The Dow Jones Industrial Average rose 331 points (1.0%) to 33,375, the S&P 500 Index climbed 74 points (1.9%) to 3,973, and the Nasdaq Composite soared 288 points (2.7%) to 11,140. In moderate volume, 3.9 billion shares of NYSE-listed stocks were traded, and 5.9 billion shares changed hands on the Nasdaq. WTI crude oil gained $1.03 to $81.64 per barrel. Elsewhere, the gold spot price went up $5.20 to $1,929.10 per ounce, and the Dollar Index dipped 0.1% to 101.98. Markets ended mixed for the week, as the S&P 500 declined 0.7%, and the DJIA fell 2.7%, while the Nasdaq Composite increased 0.6%.
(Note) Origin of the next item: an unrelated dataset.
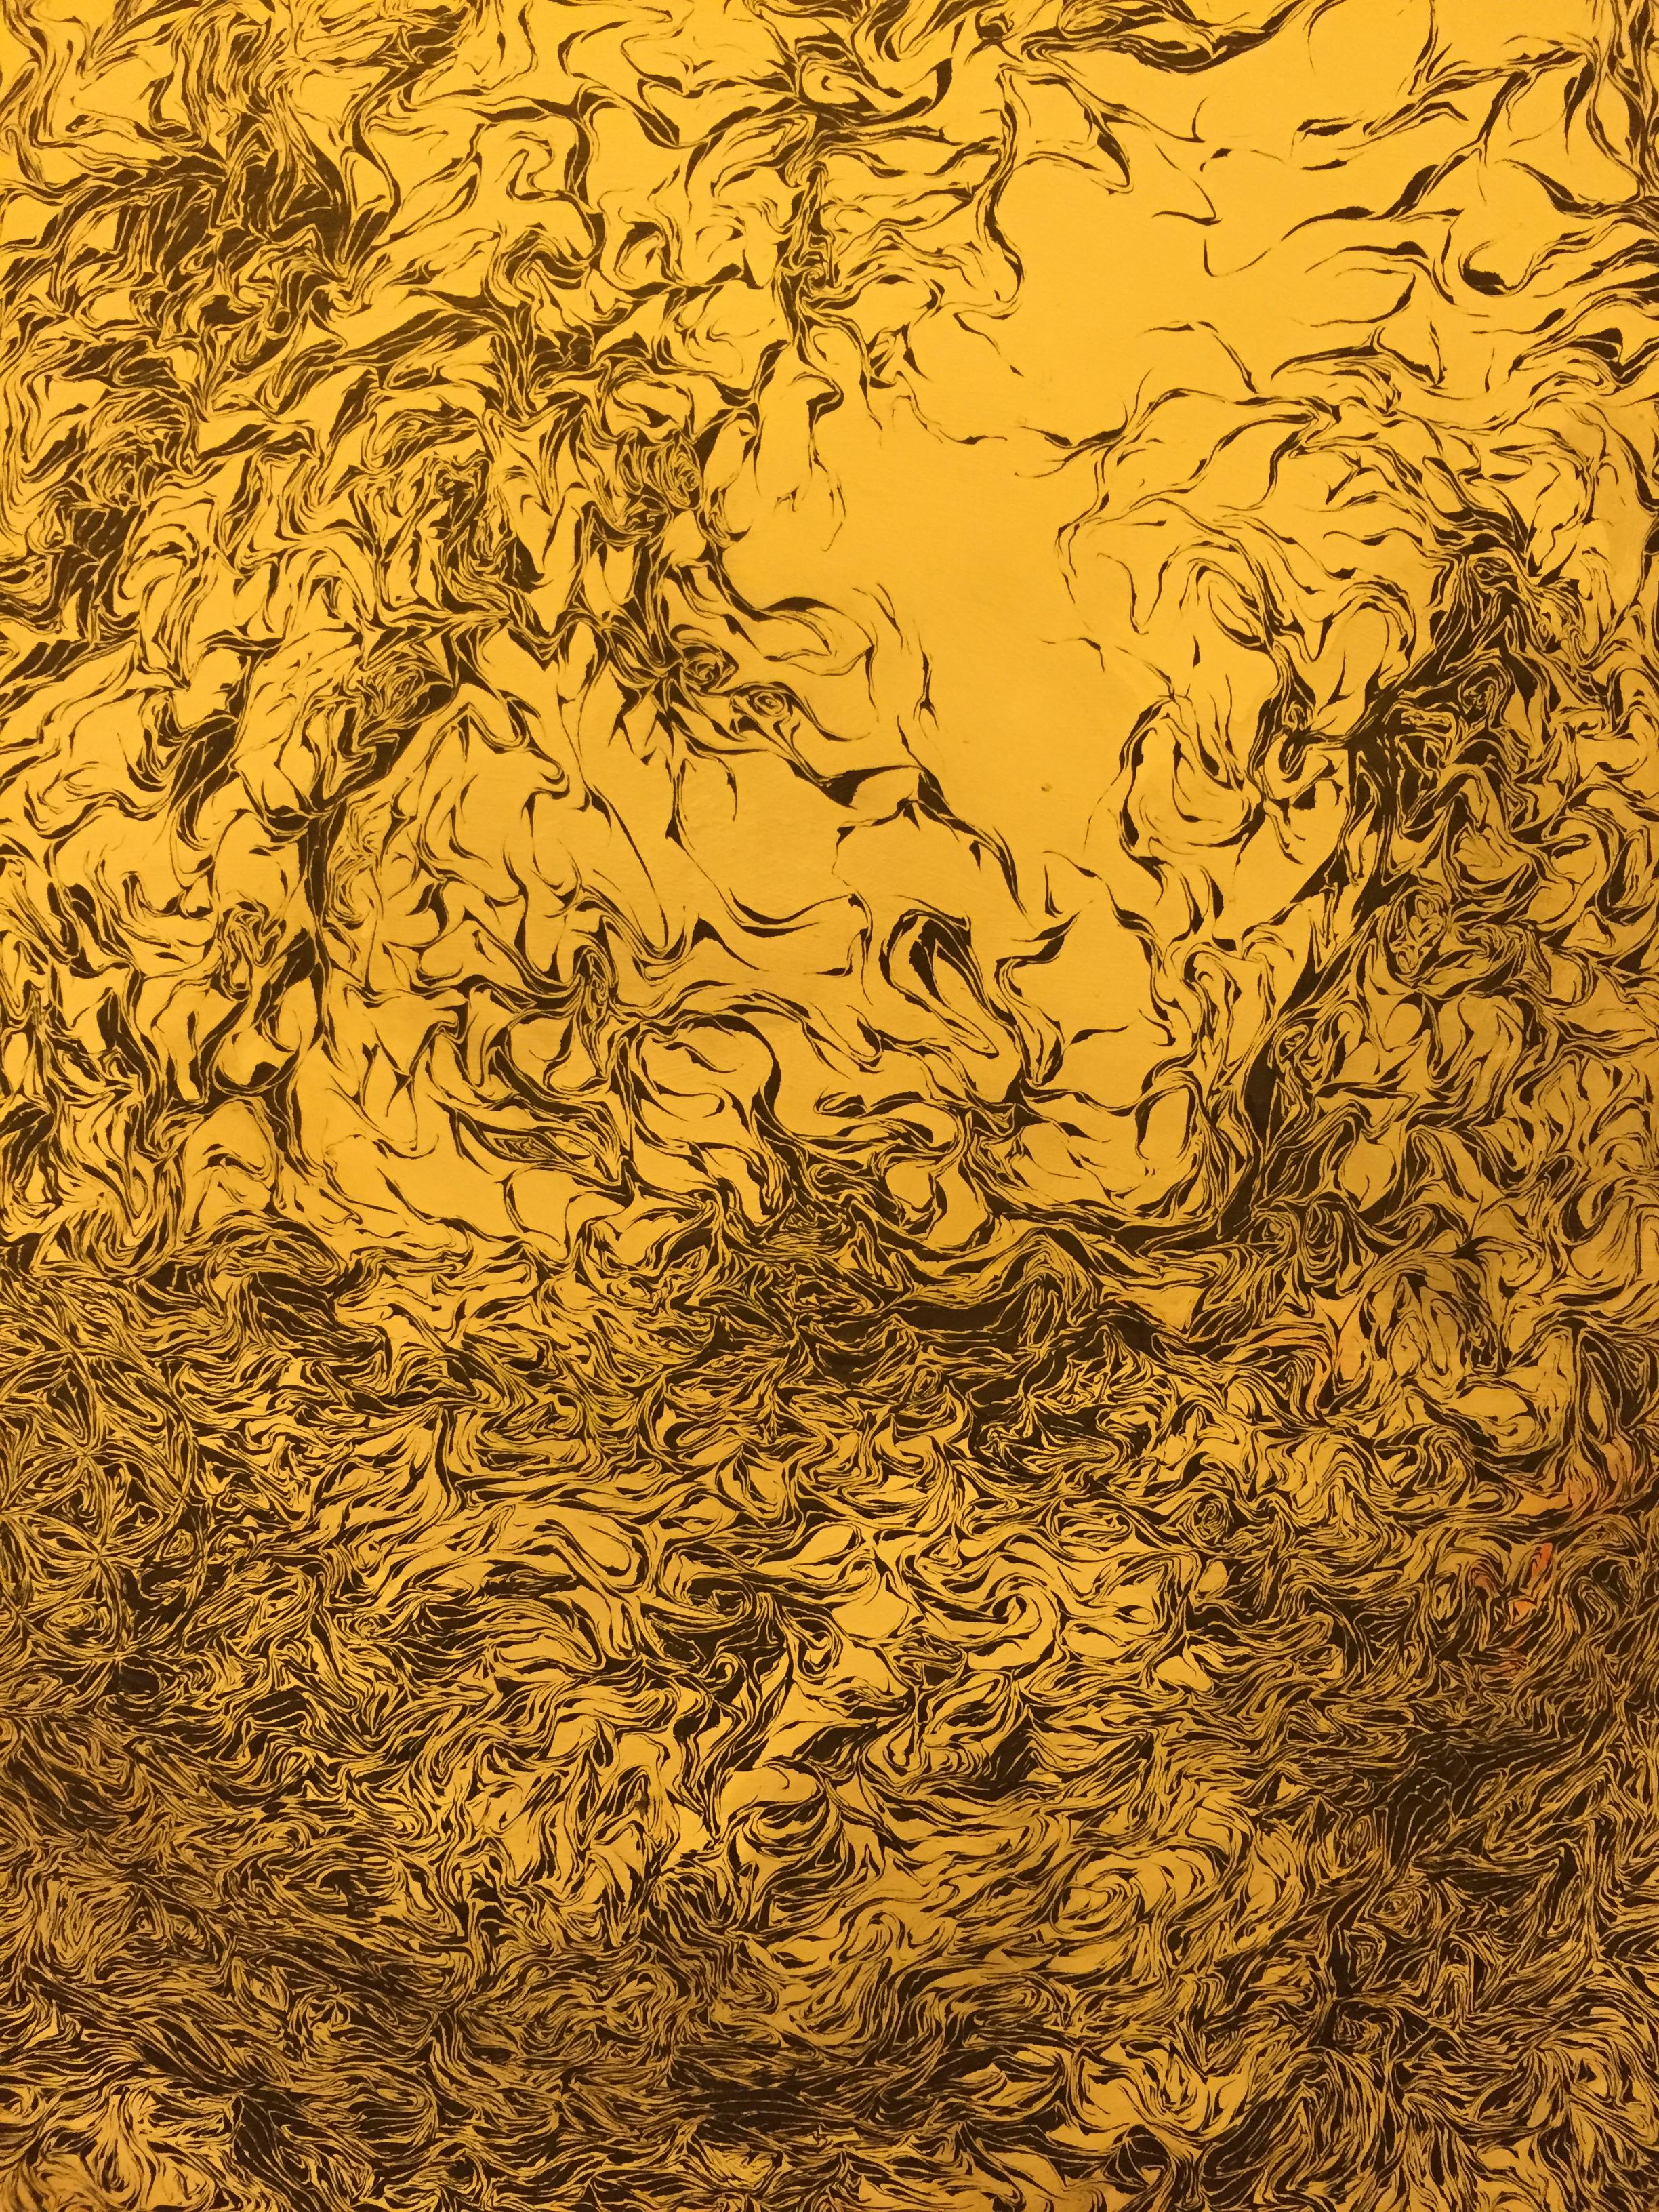 nathalie bergiers artworks 2014 @ hugo neumann brussels 16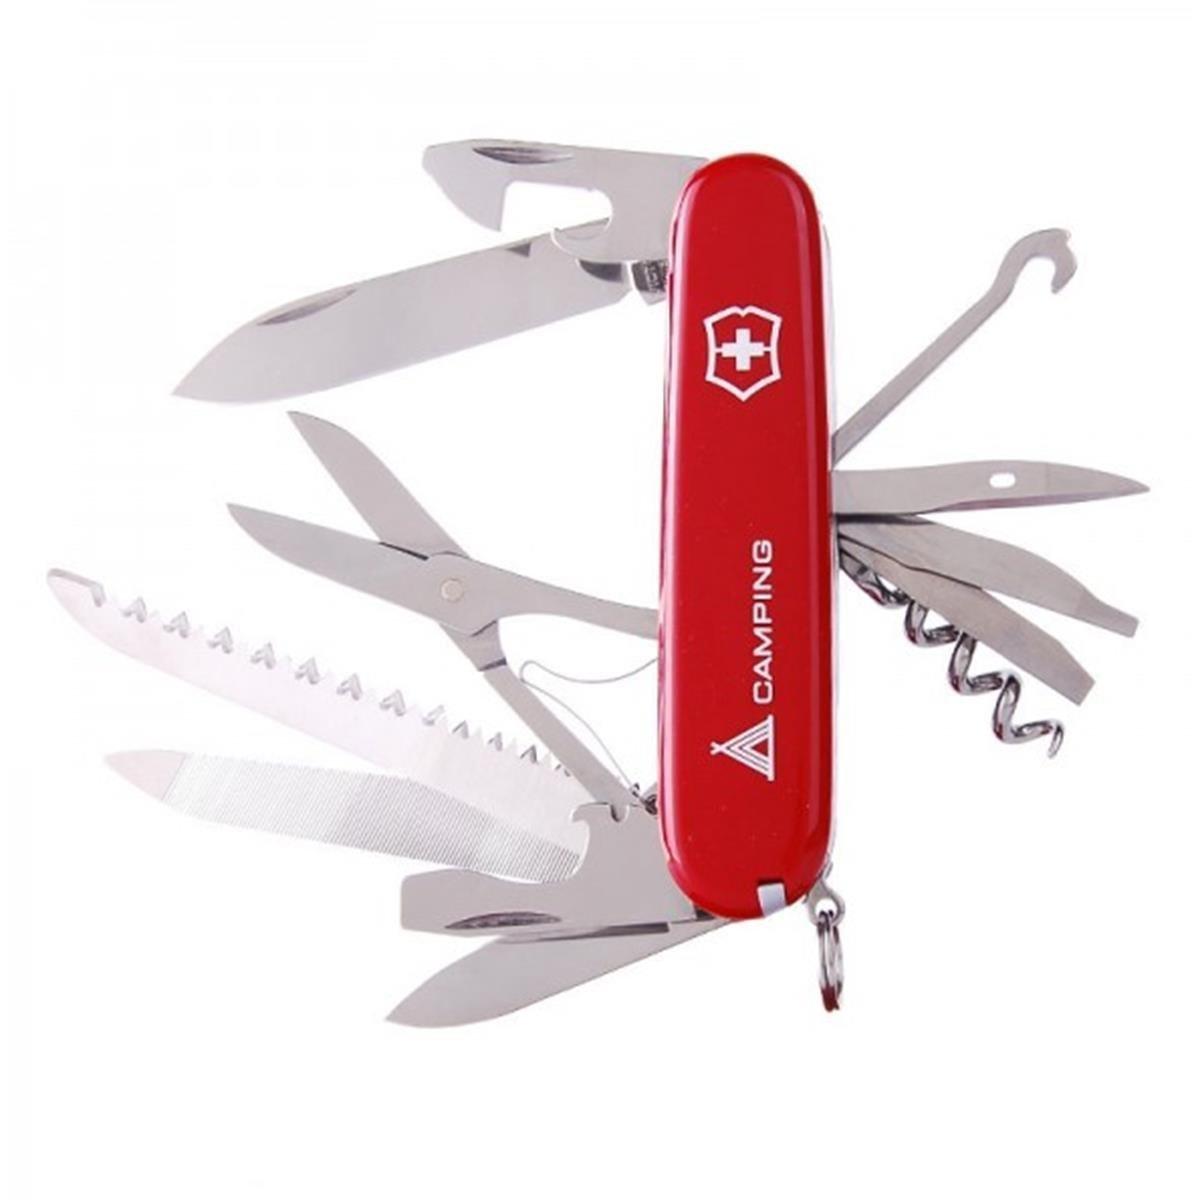 Складной многофункциональный нож Victorinox Ranger с логотипом

Netflix Inc. (NFLX $343) reported adjusted Q4 earnings-per-share (EPS) of $0.12, well short of the $0.45 the FactSet estimate, while revenues were mostly in line with expectations at $7.85 billion, an 18.5% increase year-over-year (y/y). The on-demand video streaming service company cited a $462 million loss related to Euro-denominated debt for the lower-than-expected EPS figure, but posted an operating margin of 7%, which eclipsed analysts' expectations, and added 7.66 million net subscribers during the quarter, trouncing the Street's forecast of 4.57 million additions. NFLX also announced that co-CEO Reed Hastings will step down from his position and transition to Executive Chairman, with the company's current Chief Operating Officer, Greg Peters, promoted to join Ted Sarandos in the role. Looking ahead, NFLX said it sees Q1 2023 EPS of $2.82 versus estimates for $2.98, on revenues of $8.17 billion, a shade above the Street's $8.15 billion forecast. Shares were nicely higher.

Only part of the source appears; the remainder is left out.